NBA China Basketball

In this Thursday, Oct. 10, 2019, photo, Brooklyn Nets’ Theo Pinson, left, drives against Los Angeles Lakers’ Danny Green, right, near a Chinese national flag during a preseason NBA game at the Mercedes Benz Arena in Shanghai, China. When Houston Rocket’s general manager Daryl Morey tweeted last week in support of anti-government protests in Hong Kong, everything changed for NBA fans in China. A new chant flooded Chinese sports forums: “I can live without basketball, but I can’t live without my motherland.” (AP Photo, File)

BEIJING — When Wu Xintong’s favorite team, the Los Angeles Lakers, played the Brooklyn Nets in Shanghai this Thursday, she broke a viewing streak of more than 10 years and deliberately missed the game.

Until recently, the 20-year-old student in northern Hebei province had followed her idol, Kobe Bryant, religiously. She meticulously recorded in a notebook the details of every Lakers performance, down to the time stamps of certain players’ moves. By her own accounting, two-thirds of her closet is filled with Lakers jerseys and other purple and gold apparel, not to mention the Lakers mugs, stickers and cellphone cases she keeps in a box.


But then Houston Rockets general manager Daryl Morey tweeted last week in support of anti-government protests in Hong Kong, and everything changed for fans like Wu. A new chant flooded Chinese sports forums: “I can live without basketball, but I can’t live without my motherland.”


The burst of patriotic fervor — buoyed by Chinese companies swiftly suspending their NBA partnerships — came on the heels of a grand celebration marking 70 years of Communist Party rule in China. President Xi Jinping, the country’s most powerful leader in decades, has rallied the populace around the promise of a Chinese Dream and national rejuvenation, a stronger domestic economy paired with global influence to rival that of the U.S. It is a vision increasingly trumpeted by ordinary Chinese people, who have found solidarity amid a protracted trade war and Hong Kong democracy movement, crises that the government has portrayed as deliberate bids to contain China’s inevitable development.

On China’s National Day, as audiences across the country tuned in for a military parade that showed off long-range missiles and a nuclear-armed glider, black-clad demonstrators in Hong Kong were burning the national flag and defacing photographs of Xi.

The government has depicted the mass pro-democracy protests, which began peacefully in June but have grown increasingly violent, as fringe riots led by foreign-influenced separatists bent on destroying the semi-autonomous Chinese city. This narrative has largely succeeded on the mainland, where internet memes deride the protesters as “trash youth” and refer to Hong Kong as China’s “high-maintenance girlfriend.” After NBA Commissioner Adam Silver said he supported Morey’s right to free speech, angry online nationalists set their targets on the basketball league.

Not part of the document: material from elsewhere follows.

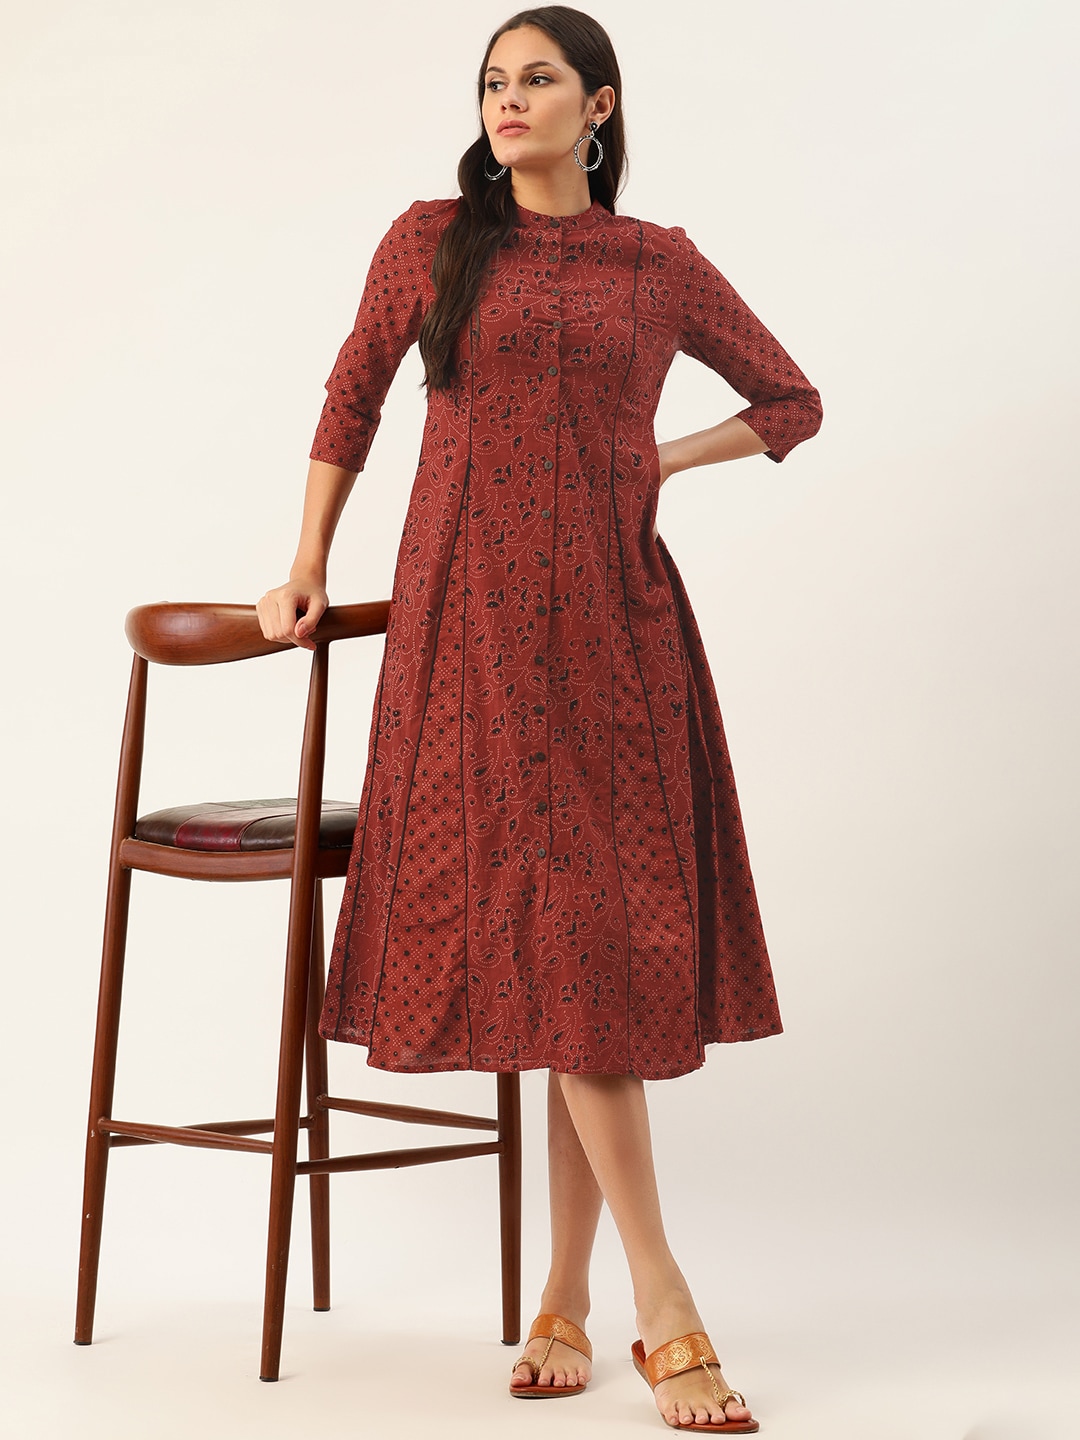 Taavi Women Red & Black Ajrakh Hand Block Print Cotton Sustainable A-Line Dress Price in India
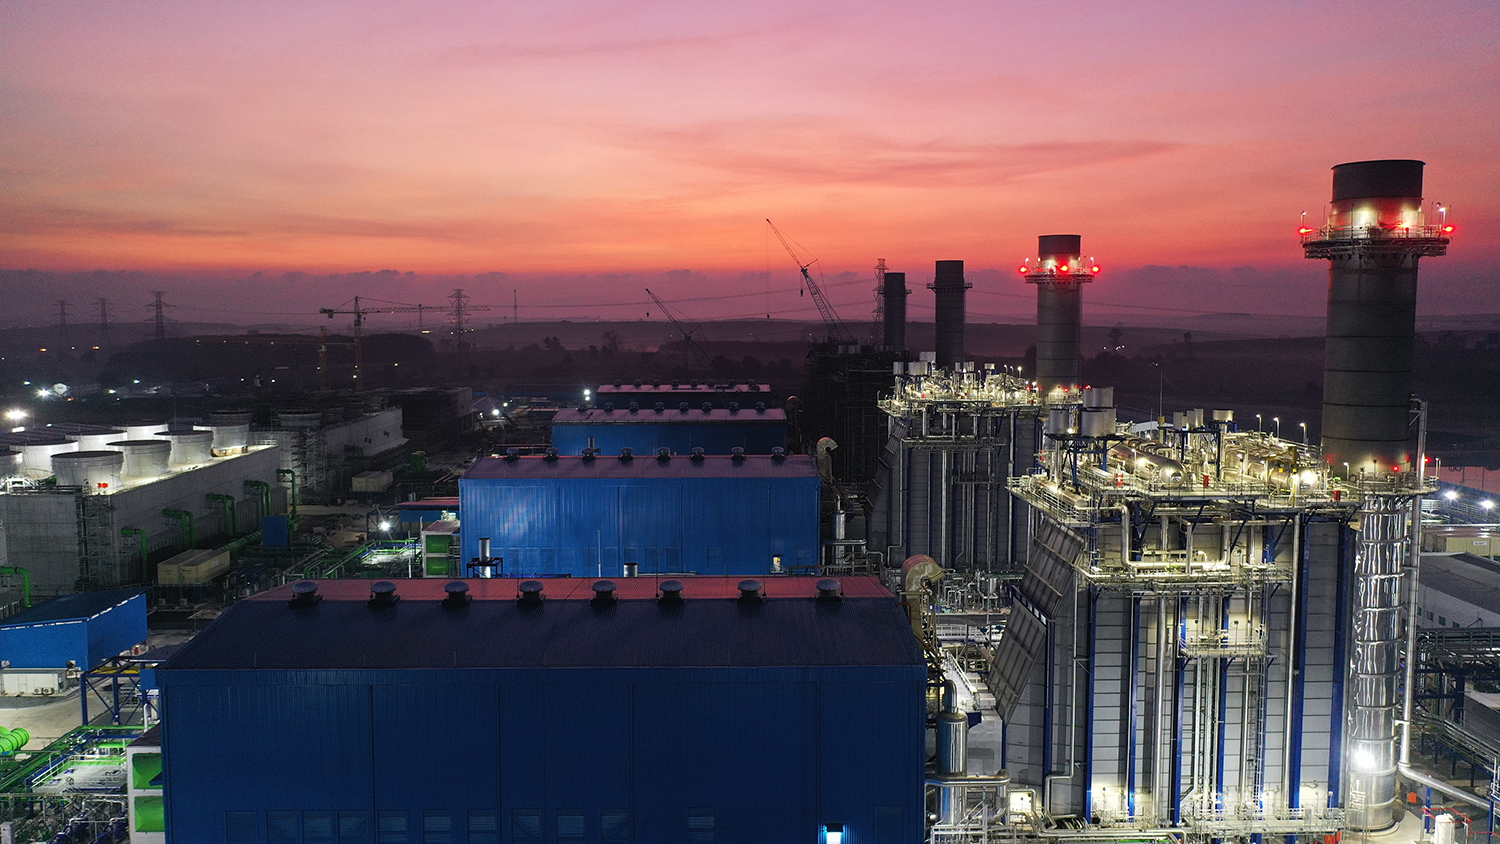 The GTCC Power Plant in Rayong

“You eat at our house and then spit in our food,” said commenters on the Twitter-like Weibo platform, referring to the NBA’s multibillion-dollar ties to China.

The NBA controversy may have been the most high-profile, but it was far from the only debacle to involve an American corporation offending the ruling Communist Party’s political sensibilities within the same span of days. Apple and jeweler Tiffany & Co. suffered immediate censure for appearing to support the Hong Kong protests, video game giant Activision Blizzard punished a high-ranked gamer for shouting Hong Kong protest slogans during a webcast, and “South Park” published a tongue-in-cheek apology for an episode about U.S. corporations succumbing to Chinese censorship.

On online forums and Weibo, web users reveled in the power of the Chinese consumer. One circulated image depicted Morey as a cartoon character lying awake at night, sleepless after squandering the Chinese market.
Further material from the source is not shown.